We shall denote the probability that a large integer N is prime as Pr(N). N is prime when it is not divisible by 2, 3, 5, ... Assuming independence of being divisible by different prime numbers, we have:

  Pr(N) = Pr(N % 2 != 0) * Pr(N % 3 != 0) * Pr(N % 5 != 0) * ...             [1]

up till the largest prime number below N. Now, every other number is even, every third number is divisible by three, every fifth number by five. So one half of numbers are not divisible by two, two-thirds are not divisible by three, four-fifths are not divisible by five, so on and so forth. In general:

  Pr(N % p != 0) ~= 1 - (1/p)                                                [2]

Thus:

  Pr(N) = [1 - (1/p1)] * [1 - (1/p2)] * ... * [1 - (1/pk)]                   [3]

          i=k
        = PROD [1 - (1/p_i)]
          i=1                                                                [4]
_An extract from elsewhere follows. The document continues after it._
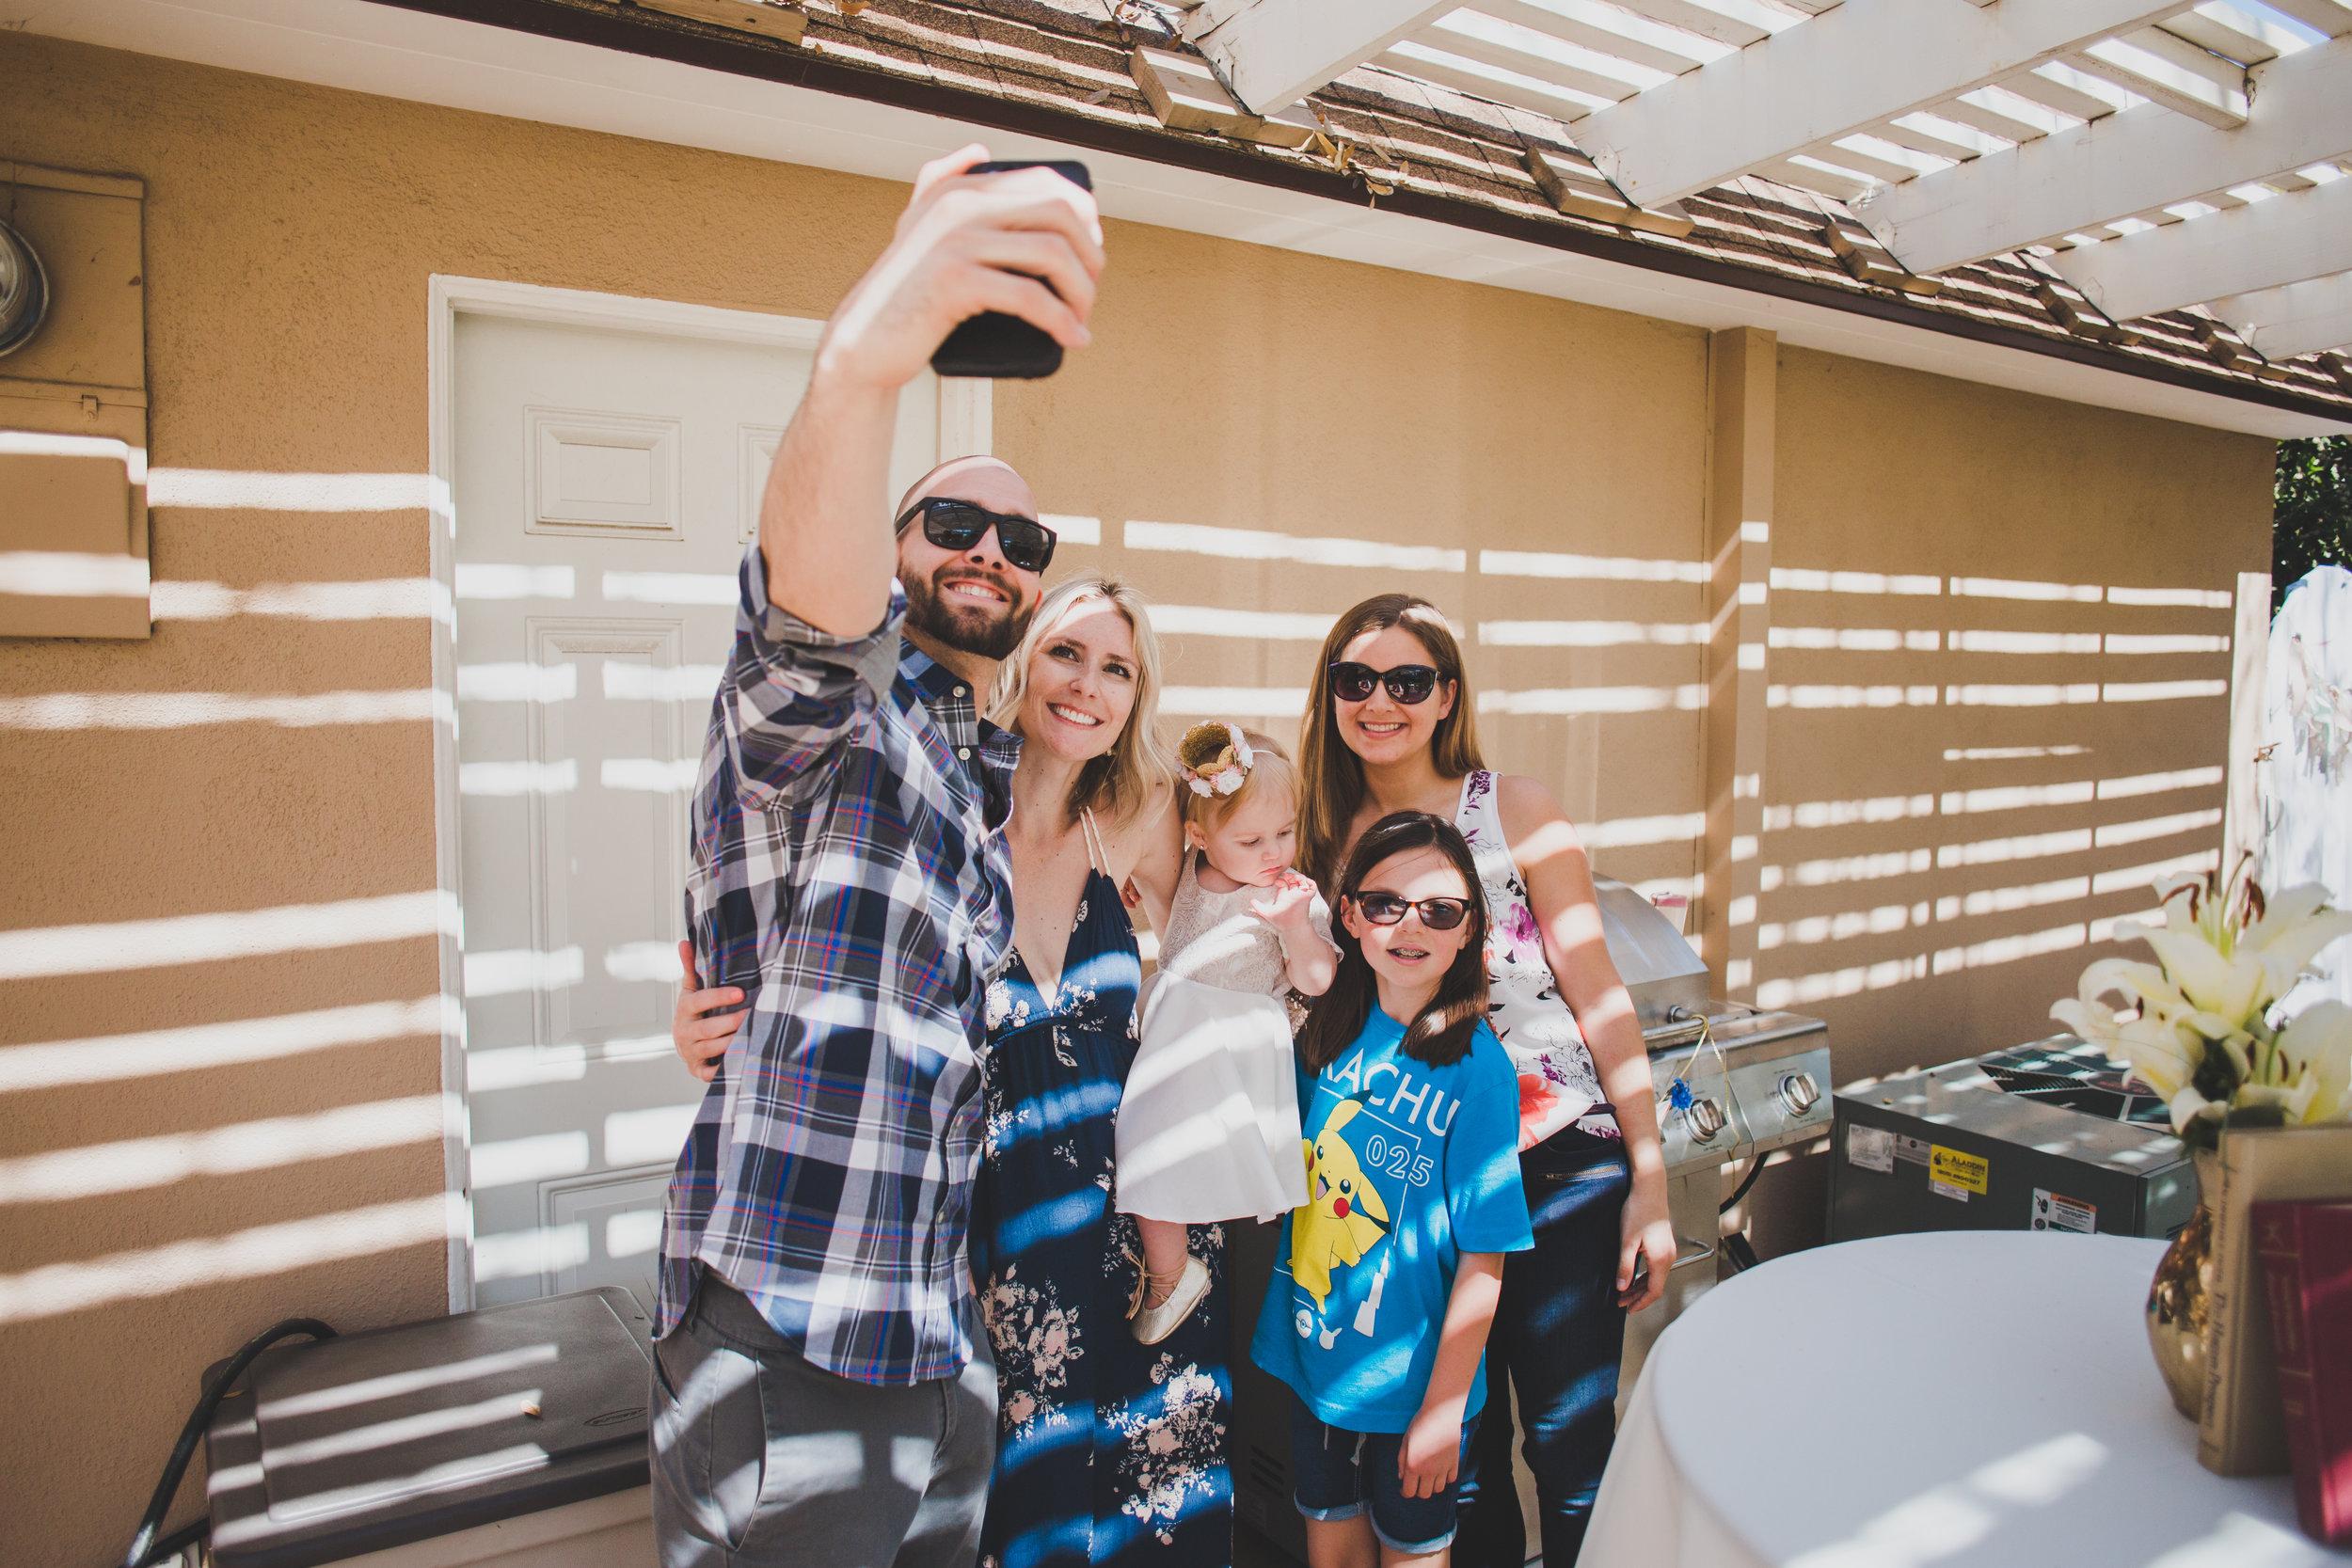 Custom Snapchat Fliter - First Birthday Party Ideas - A Vintage Chic Pi Day Themed 1st Birthday Party   Ava's First Birthday

where {p1, p2, ..., pk} are the primes from 2 to (N - 1). We do not like products, so we take a log on both sides:

              i=k
  ln(Pr(N)) = SUM [ ln(1 - (1/p_i)) ]
              i=1                                                            [5]

We do not know which numbers between 2 and (N - 1) are prime and which are composite, so instead of summing up the list {p1, p2, ..., pk}, we shall take the sum over integers, from i = 1 to i = (N - 1), and weighing the sum by the probability that each integer is prime:

             (N-1)
  ln(Pr(N)) = SUM [ ln(1 - (1/i)) * Pr(i) ]
              i=2                                                            [6]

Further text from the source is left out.